Factor Graph
- Formulate SLAM as a Factor Graph ¶
- Gauss-Newton Optimization ¶
- Cholesky Factorization ¶
- Incremental Cholesky Factorization ¶
- Incremental Smoothing and Mapping ¶
Formulate SLAM as a Factor Graph ¶
Factor graph is a nice representation for optimization problems:
$$ \begin{align} \hat{X} =& \underset{X}{\operatorname{argmax}}\prod_i \Phi_i\\ =& \underset{X}{\operatorname{argmax}}\prod_i \phi_i(X, Z) \end{align} $$A simple factor graph is shown below. Circles represent state variables, e.g robot poses, and squares represent constraints among variables, e.g. relative transformation. The corresponding optimization problem is: $$ \begin{align} \hat{X} =& \underset{X}{\operatorname{argmax}}\prod_{i=0}^3 \Phi_i\\ =& \underset{X}{\operatorname{argmax}}\phi_0(z_0; x_0, x_1)\phi_1(z_1; x_0, x_2)\phi_2(z_2; x_1, x_2)\phi_3(z_3; x_2) \end{align} $$ where $x$ are state variables to be optimized, and $z$ are observations related to states though a factor potential.
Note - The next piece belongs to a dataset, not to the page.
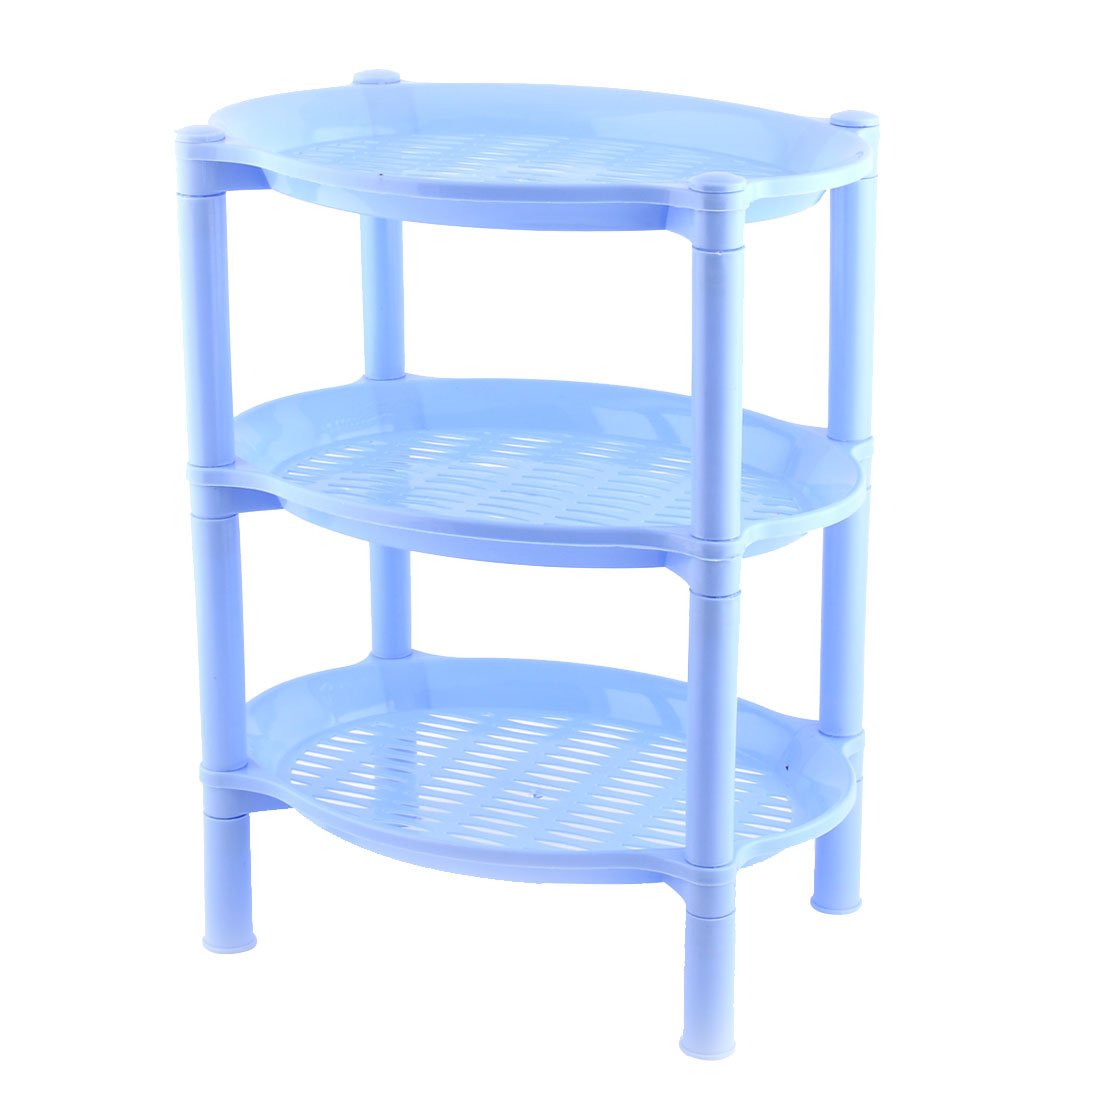 Household Bathroom Plastic Mini 3 Layer Shelf Storage Rack Organizer Blue

# A factor graph (e.g. a pose graph)
from IPython.display import Image
Image('img/simple-factor-graph.jpg', width=480)
#
Most of SLAM algorithms use probability distributions, e.g. Gaussian distribution, as factor potentials $\Phi$. For example, $$ \begin{align} \hat{X} =& \underset{X}{\operatorname{argmax}}\prod_{i=0}^3 \Phi_i\\ =& \underset{X}{\operatorname{argmax}}\phi_0(z_0; x_0, x_1)\phi_1(z_1; x_0, x_2)\phi_2(z_2; x_1, x_2)\phi_3(z_3; x_2) \\ =& \underset{X}{\operatorname{argmax}} p_0(z_0; x_0, x_1)p_1(z_1; x_0, x_2)p_2(z_2; x_1, x_2)p_3(z_3; x_2) \\ \end{align} $$
The formulation above can also be viewed as a MLE. $$ \begin{align} p(x_0,x_1,x_2,z_0,z_1,z_2,z_3) =& p(x_1,x_2,z_0,z_1,z_2,z_3|x_0) p(x_0) \\ =& p(x_2,z_0,z_1,z_2,z_3|x_1,x_0)p(x_1|x_0)p(x_0)\\ =& p(z_0,z_1,z_2,z_3|x_2, x_1,x_0)p(x_2|x_1, x_0)p(x_1)p(x_0)\\ =& p(z_1,z_2,z_3|z_0, x_2, x_1, x_0) p(z_0 | x_2, x_1, x_0)p(x_2)p(x_1)p(x_0)\\ =& p(z_1,z_2,z_3|z_0, x_2, x_1, x_0) p(z_0 |x_1, x_0)p(x_2)p(x_1)p(x_0) \\ =& p_0(z_0| x_0, x_1)p_1(z_1| x_0, x_2)p_2(z_2| x_1, x_2)p_3(z_3| x_2)p(x_2)p(x_1)p(x_0)\\ p(x_0,x_1,x_2,z_0,z_1,z_2,z_3) \propto& p_0(z_0| x_0, x_1)p_1(z_1| x_0, x_2)p_2(z_2| x_1, x_2)p_3(z_3| x_2) \end{align} $$
Then $$ \begin{align} \hat{X} =& \underset{X}{\operatorname{argmax}}p(x_0,x_1,x_2,z_0,z_1,z_2,z_3)\\ =& \underset{X}{\operatorname{argmax}}p_0(z_0| x_0, x_1)p_1(z_1| x_0, x_2)p_2(z_2| x_1, x_2)p_3(z_3| x_2) \\ \end{align} $$
If we assume the factor potentials are Gaussian distribution whose mean is the residual between observation and prediction based on potential function, then the factor graph can be converted to be a least square problem. For converting non-Gaussian distribution into least square problems, see Mixture models for least square optimization .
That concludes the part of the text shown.